К судьбе лицом
Шрифт:
– …Елена, конечно, да… только неопытная очень. Ну, девочка! А вот у Ариадны…
Повеселевший Тесей показывает, как там и что там – у Ариадны. Получается очень даже внушительно. Понимаю Диониса, которому потом досталась такая жена.
– А Антиопа копье бросала – залюбуешься! И лучницей была отменной. А как колесницей правила – у-у-у!
Тесей возносит руки, качает кудрявой головой, попутно смахивает капли пота со лба. От свидания с женой, правда, отказывается. Живым – живое. Понимаю тебя, герой. Твоя покровительница Афродита
– Тогда может быть ты, о храбрый Пейрифой? Я знаю, что ты потерял жену – прекрасную Гипподамию…
Пейрифой страдальчески морщит лоб и косится на друга. Чтоб этого Владыку с его радушием. Еще, гляди, жену обратно отдаст – что с ней потом на поверхности делать?!
– Не гневайся, Владыка! Мы не хотим нарушать законы твоего царства, уводя из него твоих подданных…
То есть, умыкнуть мою собственную жену – менее кощунственно?!
– За чем же вы явились ко мне, герои? Не спорю, мой мир богат достойными невестами…
Геката аж раскраснелась, Алекто отмахнулась кокетливо: ой, Владыка, ну, ты скажешь! Засмущал…

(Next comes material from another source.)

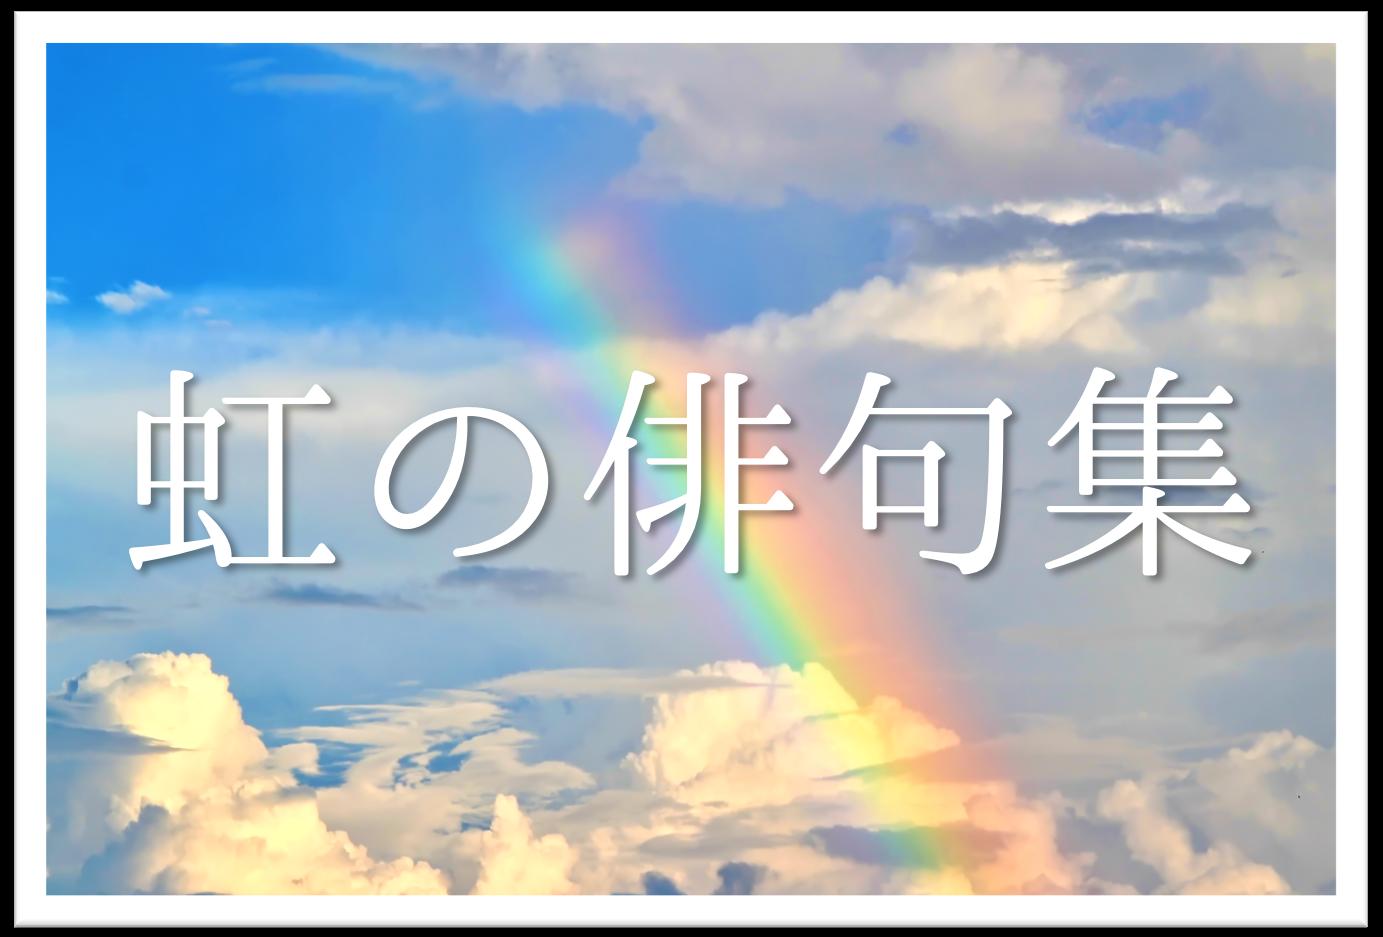 【虹の俳句 20選】知っておきたい!!季語を含むおすすめ有名&素人俳句を紹介!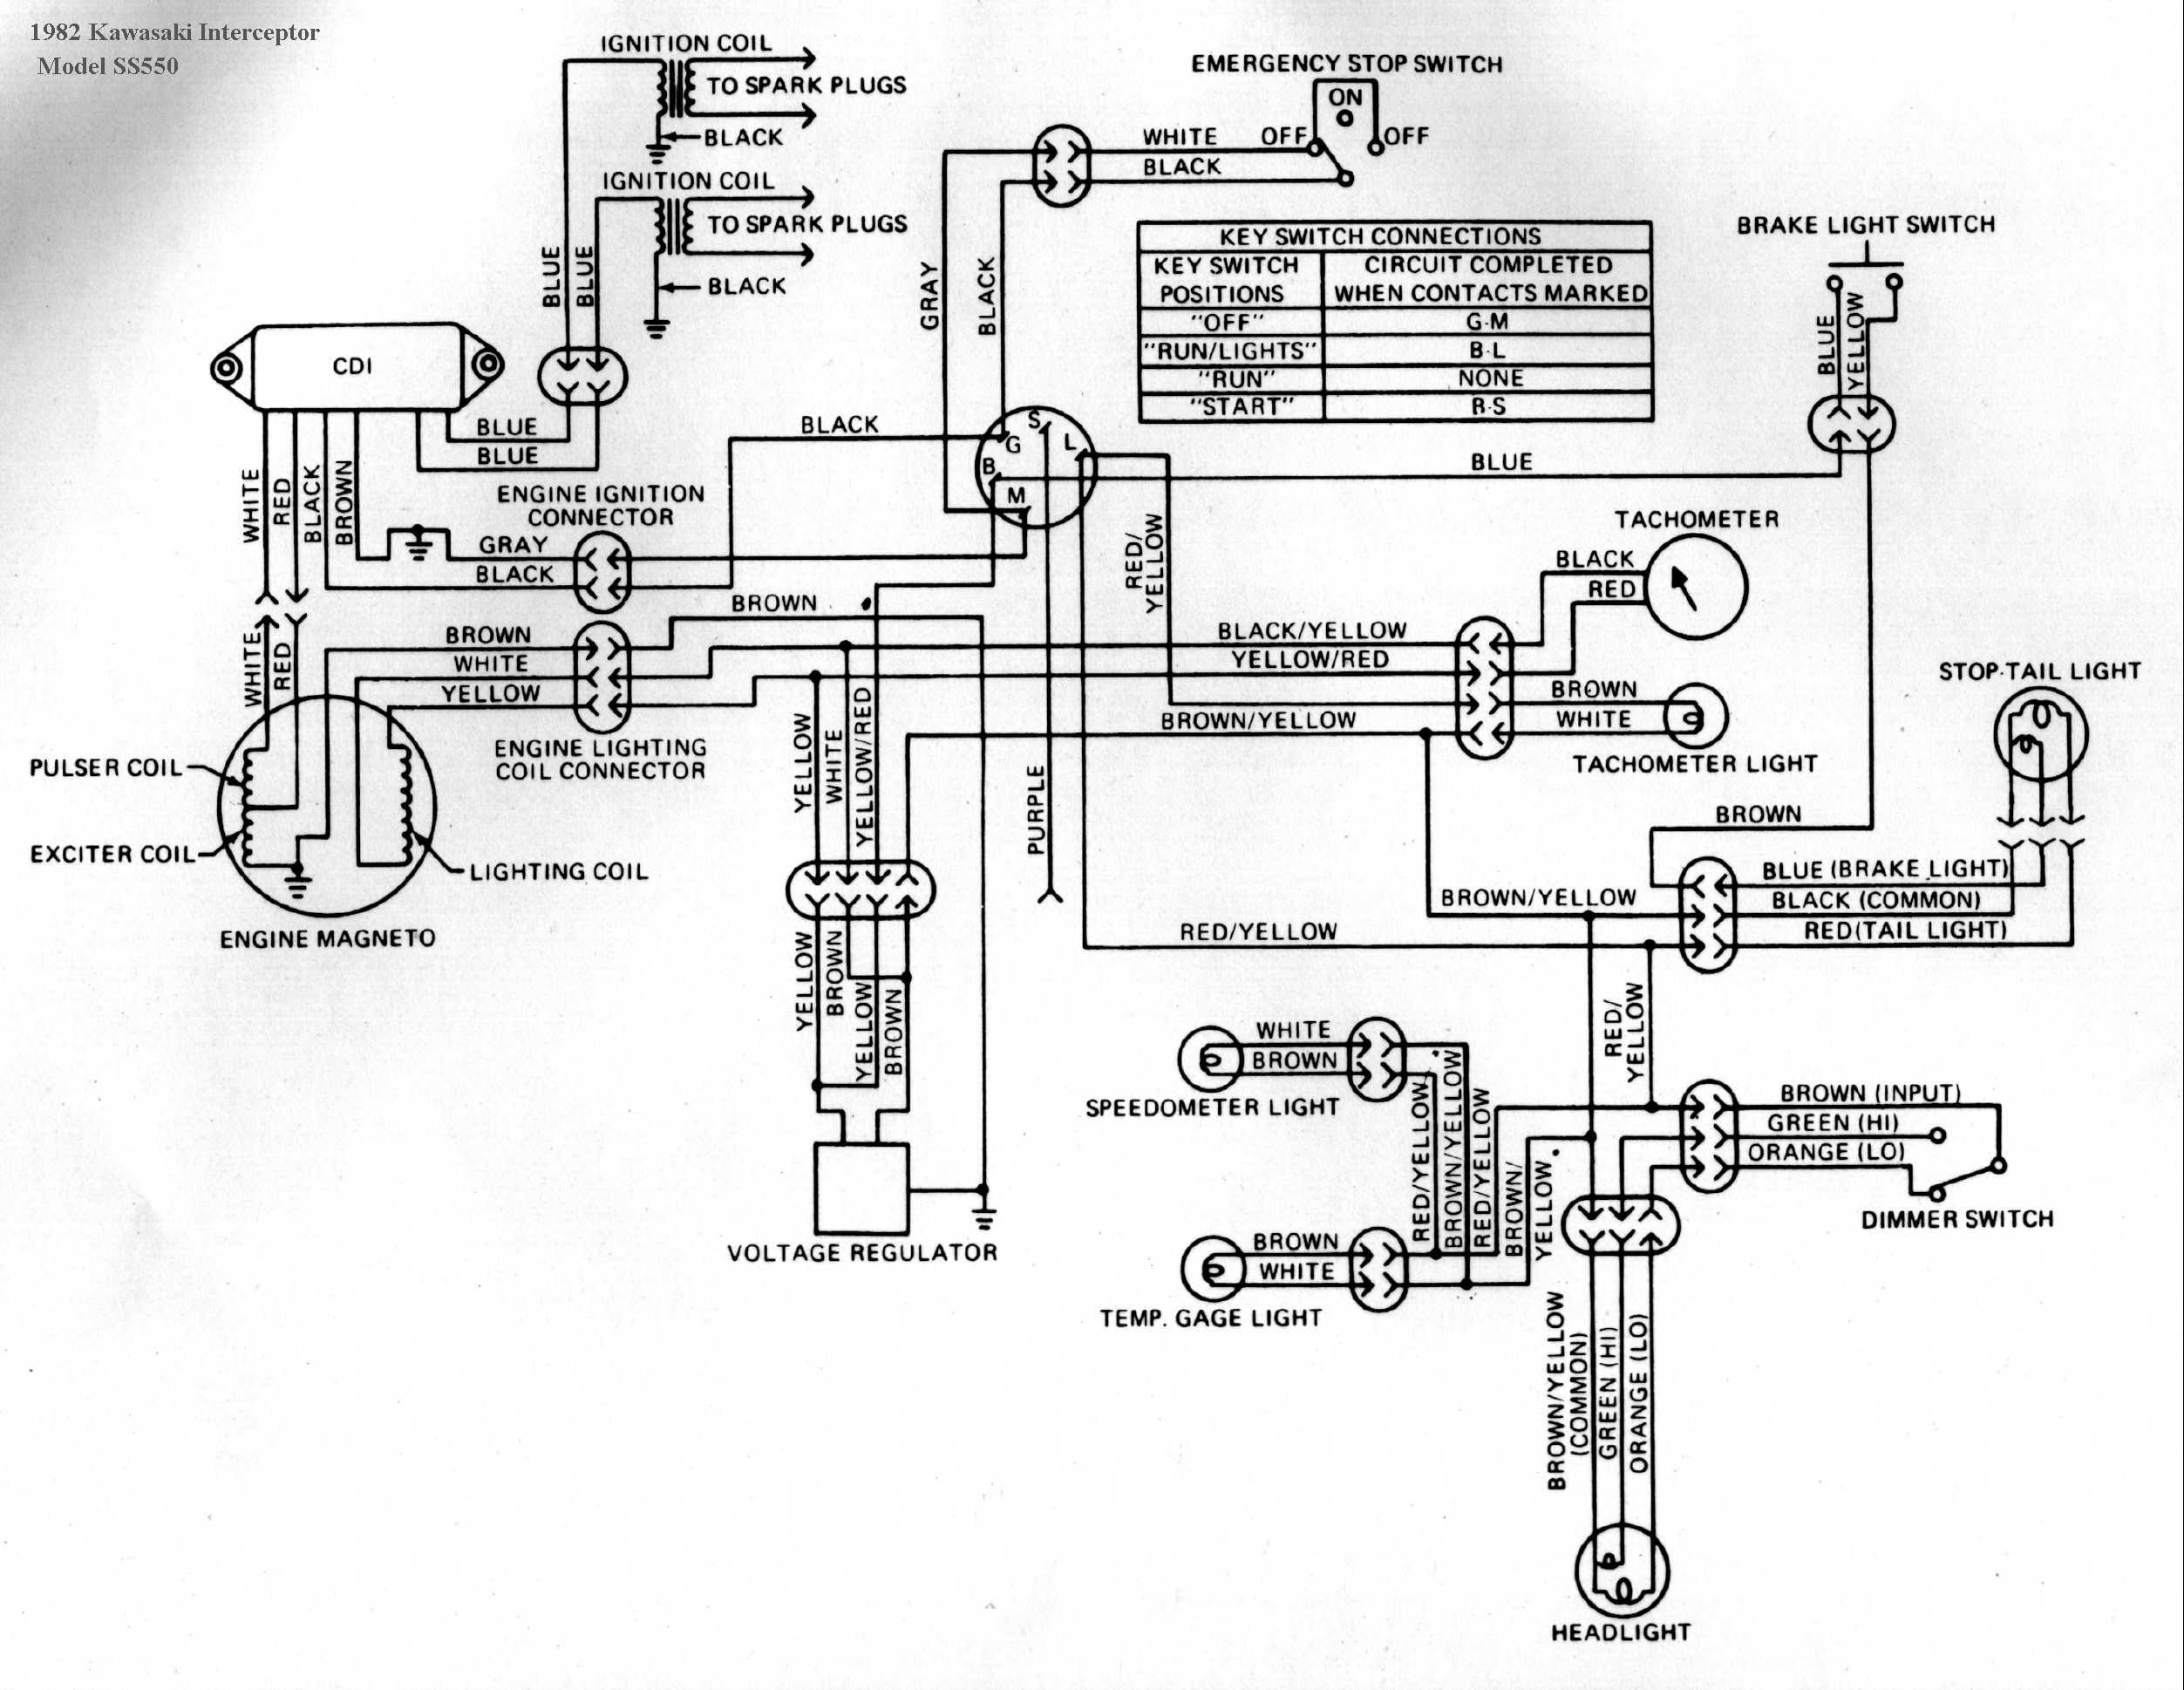 ski 550 wiring diagrams wiring diagram 1980 kz440 carburetor diagram kawasaki 440 wiring diagram #13

Пейрифой сейчас не усидит, пихает Тесея локтем: излагай быстрее, а то он нам сейчас Ламию какую-нибудь…
Тесей излагает. Мягко, вкрадчиво, как полагается тому, чья покровительница – Любовь. За чем же им являться, как не за самым прекрасным, что есть в подземном мире? Что еще могло пленить сердце великого героя, как не великая же красота, сопряженная с великой опасностью? А прелесть Персефоны не воспеть и аэдам, и разве можно заглядываться на смертных женщин, когда есть такое?
А Пейрифой ляпает:
– Да, я хочу жениться на прекрасной Персефоне! И женюсь!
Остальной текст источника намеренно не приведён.